To do: Print all the data that follows exactly, images excluded.

Supplied information:
>>>
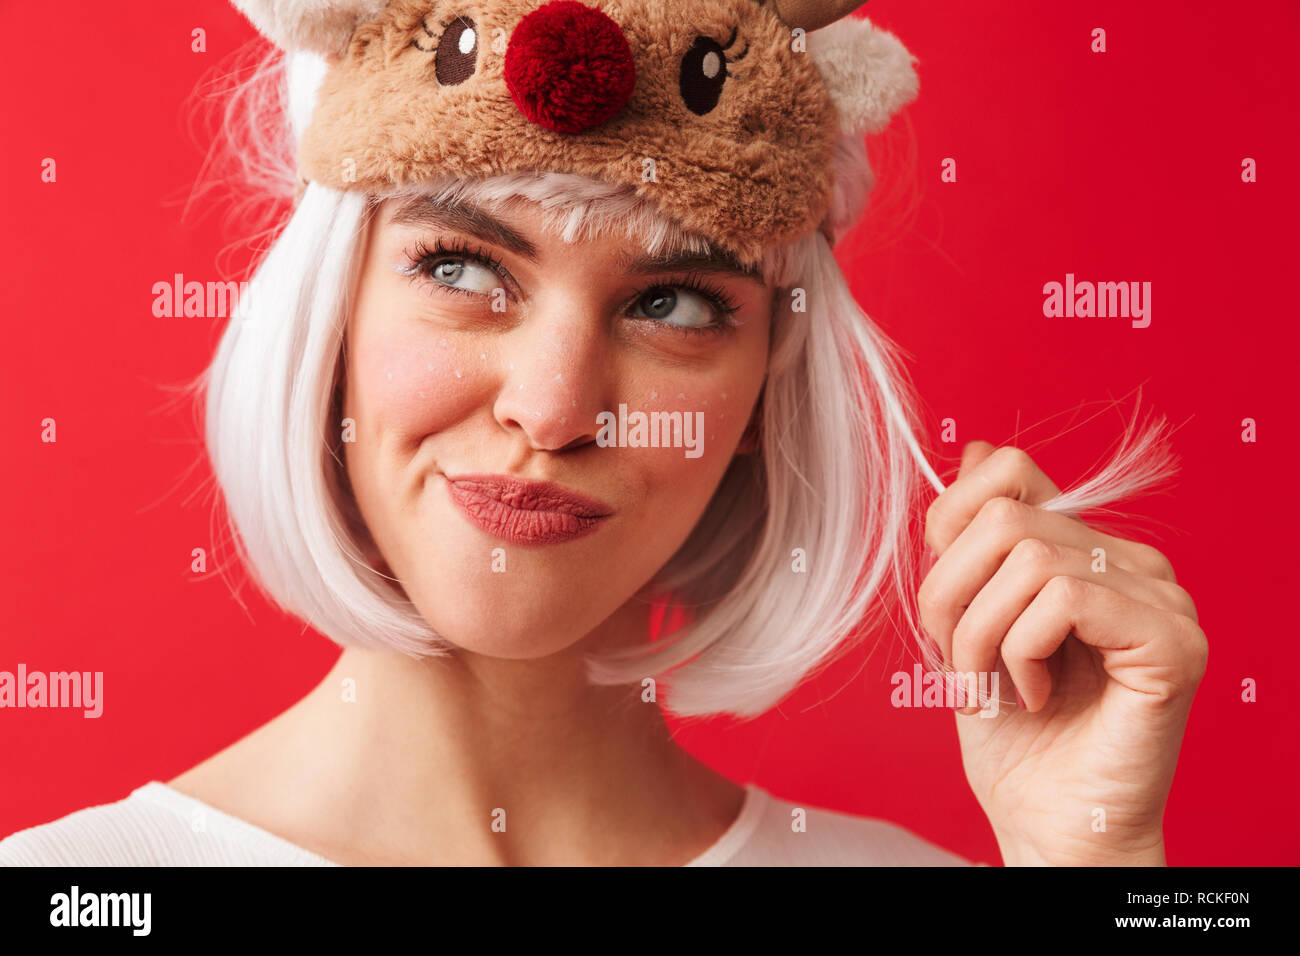 Bild einer jungen schönen Frau in Karneval Weihnachten kostüm über rote Wand Hintergrund spielen mit Haar isoliert Posing gekleidet. Stockfoto
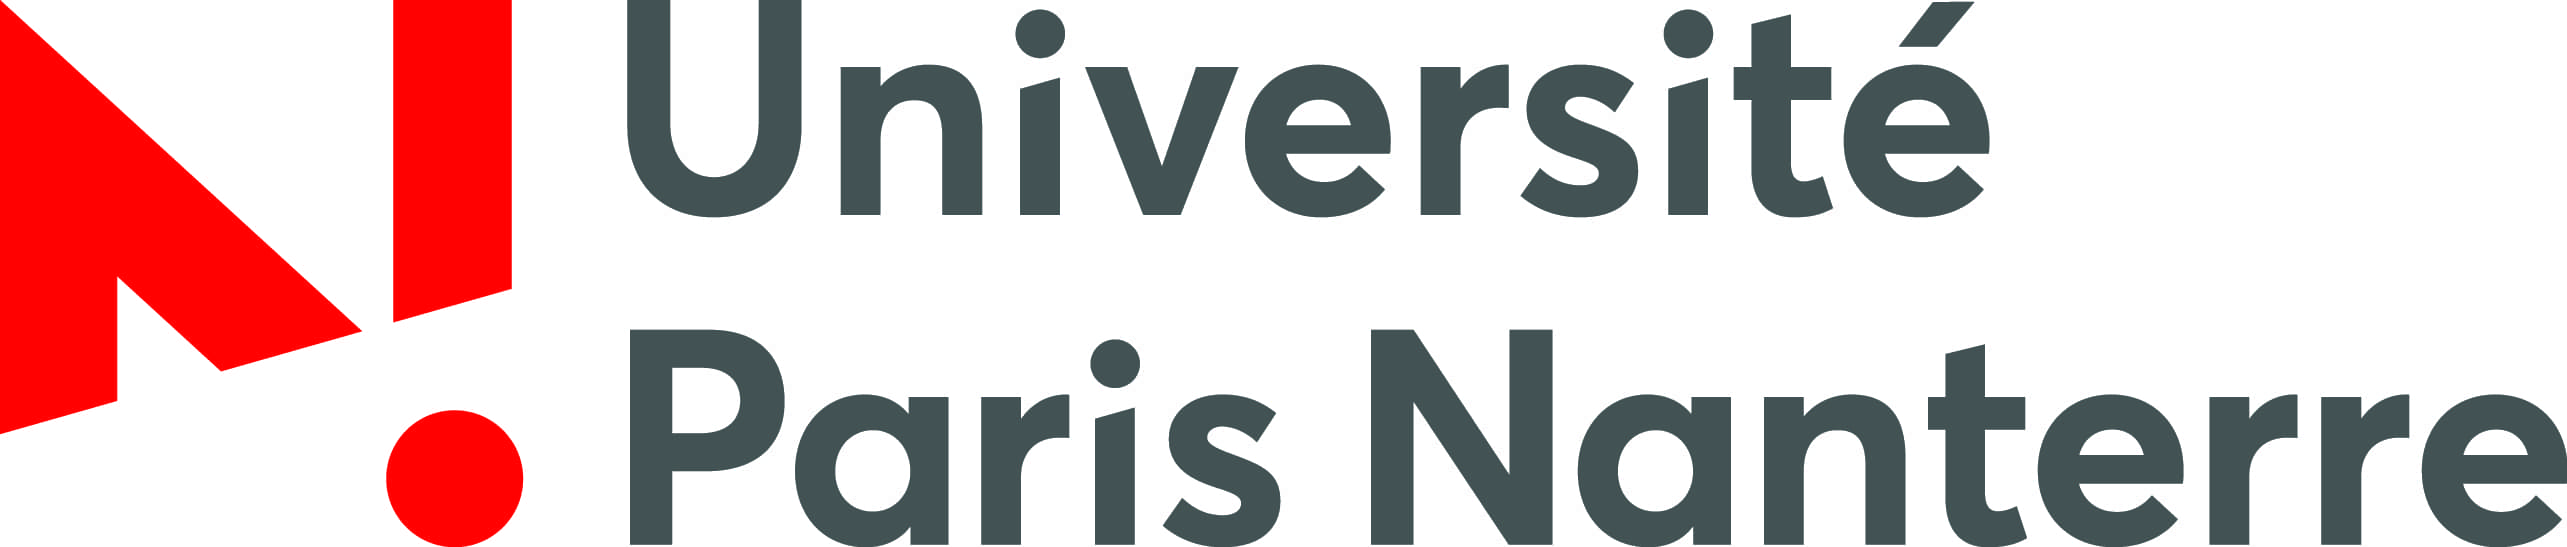 Universite Paris Nanterre (1).jpg
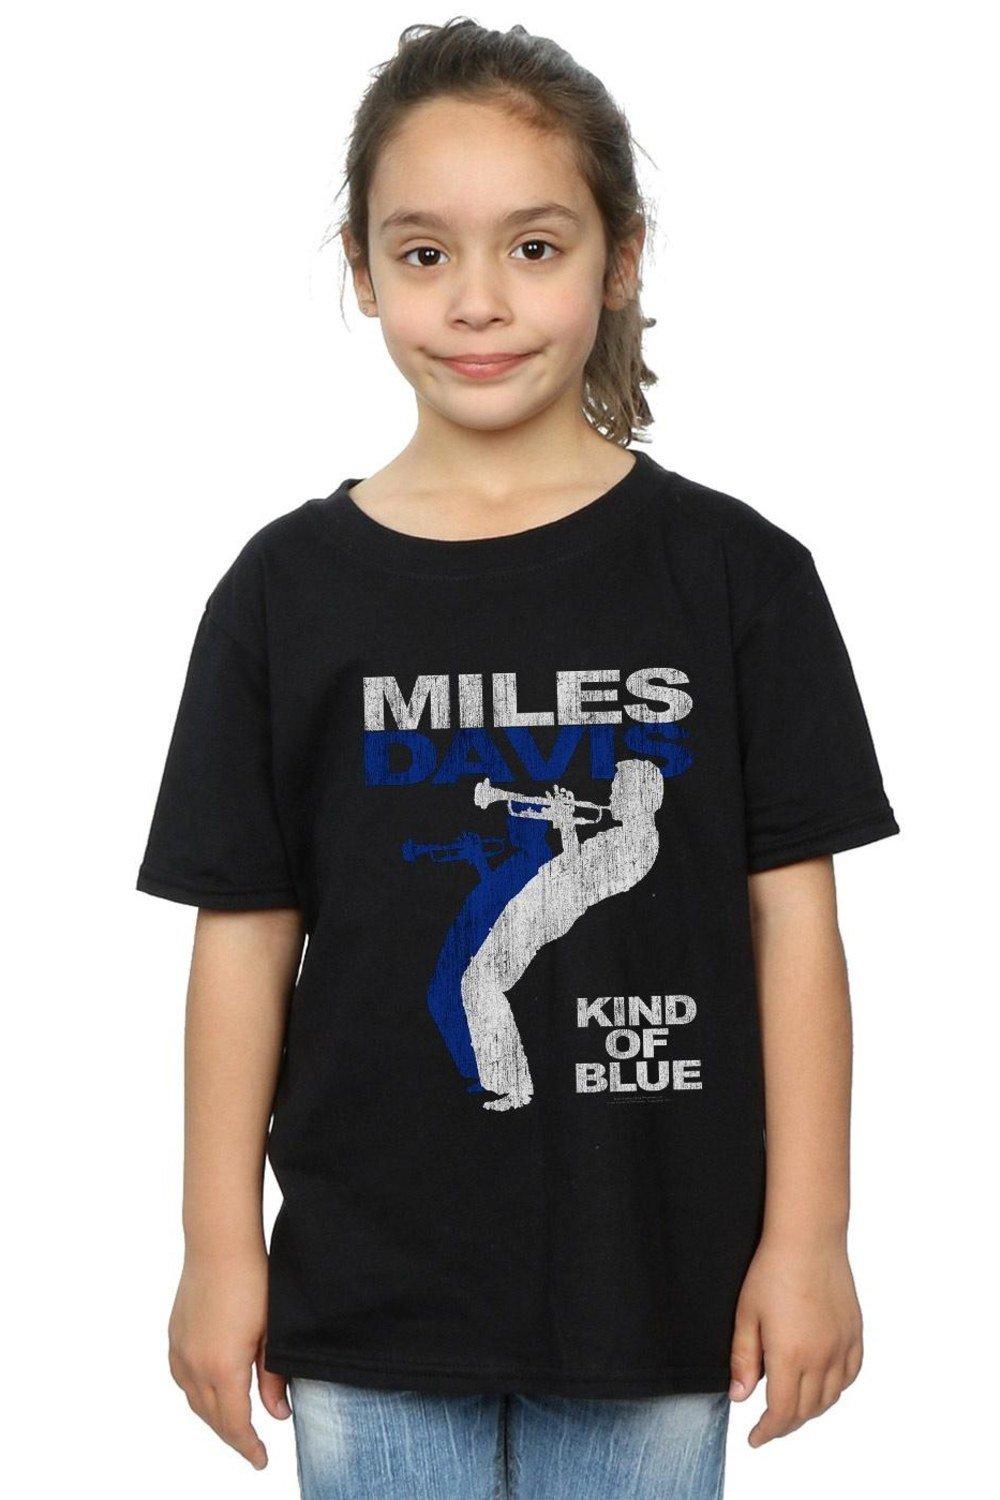 Хлопковая футболка Kind Of Blue с потертостями Miles Davis, черный davis miles kind of blue coloured vinyl lp спрей для очистки lp с микрофиброй 250мл набор
<<<
Response below:
 Bild einer jungen schönen Frau in Karneval Weihnachten kostüm über rote Wand Hintergrund spielen mit Haar isoliert Posing gekleidet. Stockfoto
 Universite Paris Nanterre (1).jpg
 Хлопковая футболка Kind Of Blue с потертостями Miles Davis, черный davis miles kind of blue coloured vinyl lp спрей для очистки lp с микрофиброй 250мл набор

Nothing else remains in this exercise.